Divided again, Libya slides back toward violence, chaos

Divided again, Libya slides back toward violence, chaos
  • The fighting underscored the fragility of Libya’s relative peace that has prevailed for more than a year but it also looked like history was repeating itself

CAIRO: For many Libyans, clashes that erupted in the capital of Tripoli last month were all too familiar — a deja vu of street fighting, reverberating gunfire and people cowering inside their homes. A video circulated online on the day, showing a man shouting from a mosque loudspeaker “Enough war, we want our young generation!“

The fighting underscored the fragility of Libya’s relative peace that has prevailed for more than a year but it also looked like history was repeating itself. Now, observers say that momentum to reunify the country has been lost and that its future is looking grim.
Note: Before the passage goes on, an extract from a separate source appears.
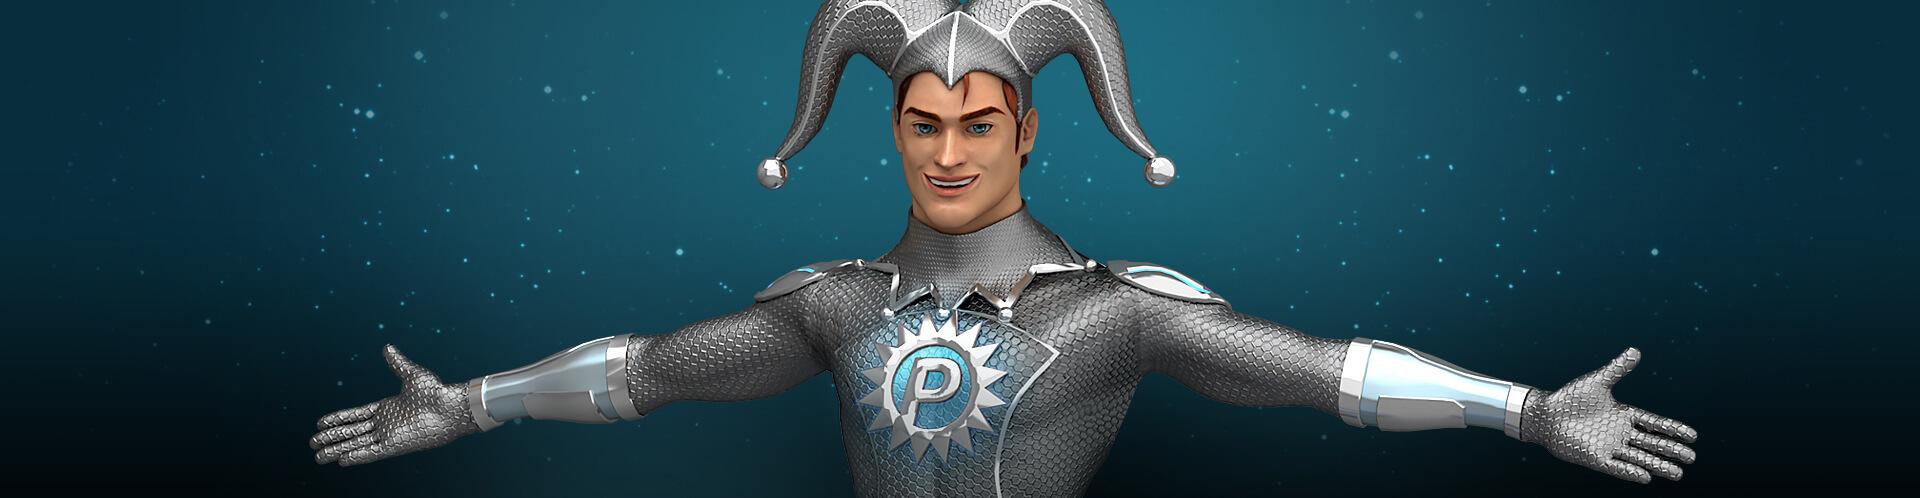 Platincasino Mascot Cover

Once again, there are two competing governments vying for control in Libya, already torn by more than a decade of civil war. The clashes in the capital broke out after one of Libya’s two prime ministers challenged the other by coming to Tripoli, his rival’s seat.

Libya has for years been split between rival administrations in the east and the west, each supported by rogue militias and foreign governments. The Mediterranean nation has been in a state of upheaval since the 2011 NATO-backed uprising toppled and later killed longtime dictator Muammar Qaddafi.
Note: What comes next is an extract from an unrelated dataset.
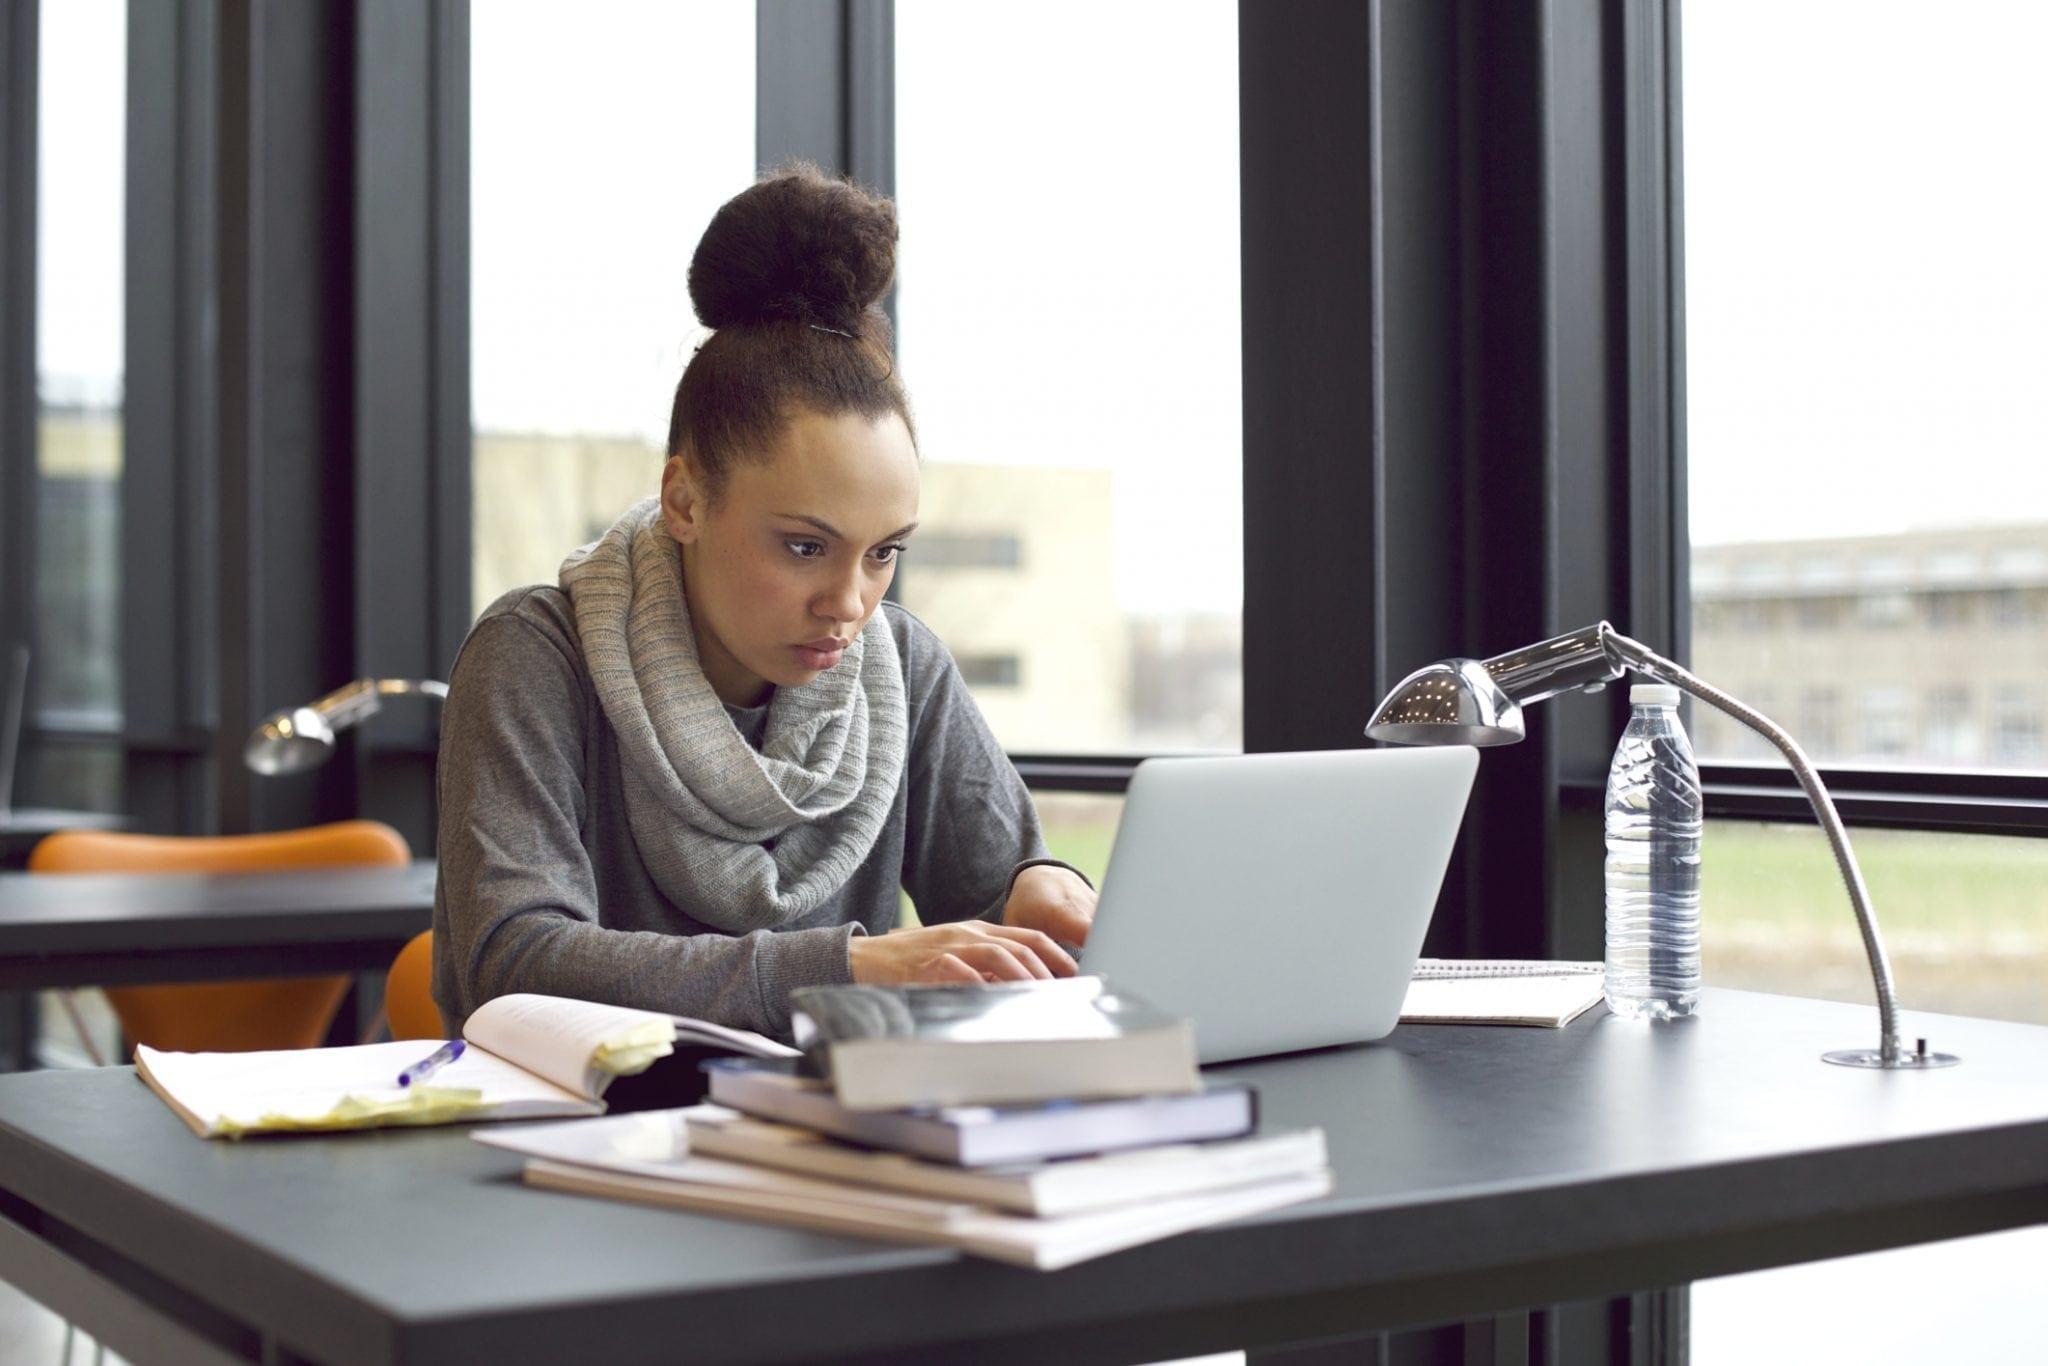 profissional estudando online 3

But a plan had emerged in the past two years that was meant to put the country on the path toward elections. A UN-brokered process installed an interim government in early 2021 to shepherd Libyans to elections that were due late last year.

That government, led by Prime Minister Abdul Hamid Dbeibah, briefly unified the political factions under heavy international pressure. But the voting never took place, and since then, the plan has unraveled and left the country in crisis.

Lawmakers in Libya’s east-based parliament, headed by influential speaker Aguila Saleh, argued that Dbeibah’s mandate ended when the interim government failed to hold elections.

They went ahead and chose Fathi Bashagha, a powerful former interior minister from the western city of Misrata, as new prime minister. Their position gained the endorsement of powerful commander Khalifa Haftar whose forces control the country’s east and most of the south, including major oil facilities.

Dbeibah has refused to step down, and factions allied with him in western Libya deeply oppose Haftar. They maintain that Dbeibah, who is also from Misrata with ties to its powerful militias, is working toward holding elections.

Analysts are skeptical.

Claudia Gazzini, a Libya expert at the International Crisis Group, described the Bashagha-Dbeibah rivalry as “a feud over legitimacy,” with “both governments claiming they are legitimate.”

“I don’t think they will be able to hold elections this year,” she said, and also expressed doubts that UN attempts to get Libyan parties to reach a constitutional consensus on the elections will make any progress.

The power struggle came to a head on May 17, when Bashagha entered Tripoli and attempted to install his government there. He had help from the powerful Nawasi Brigade militia, led by Mustafa Qaddur, deputy head of Libya’s intelligence agency.

But Bashagha faced stiff resistance from militias loyal to Dbeibah, leading to hourslong clashes that rocked the city until Bashagha withdrew and a day later set up his government headquarters in the coastal city of Sirte, half way between Libya’s power centers in the east and the west.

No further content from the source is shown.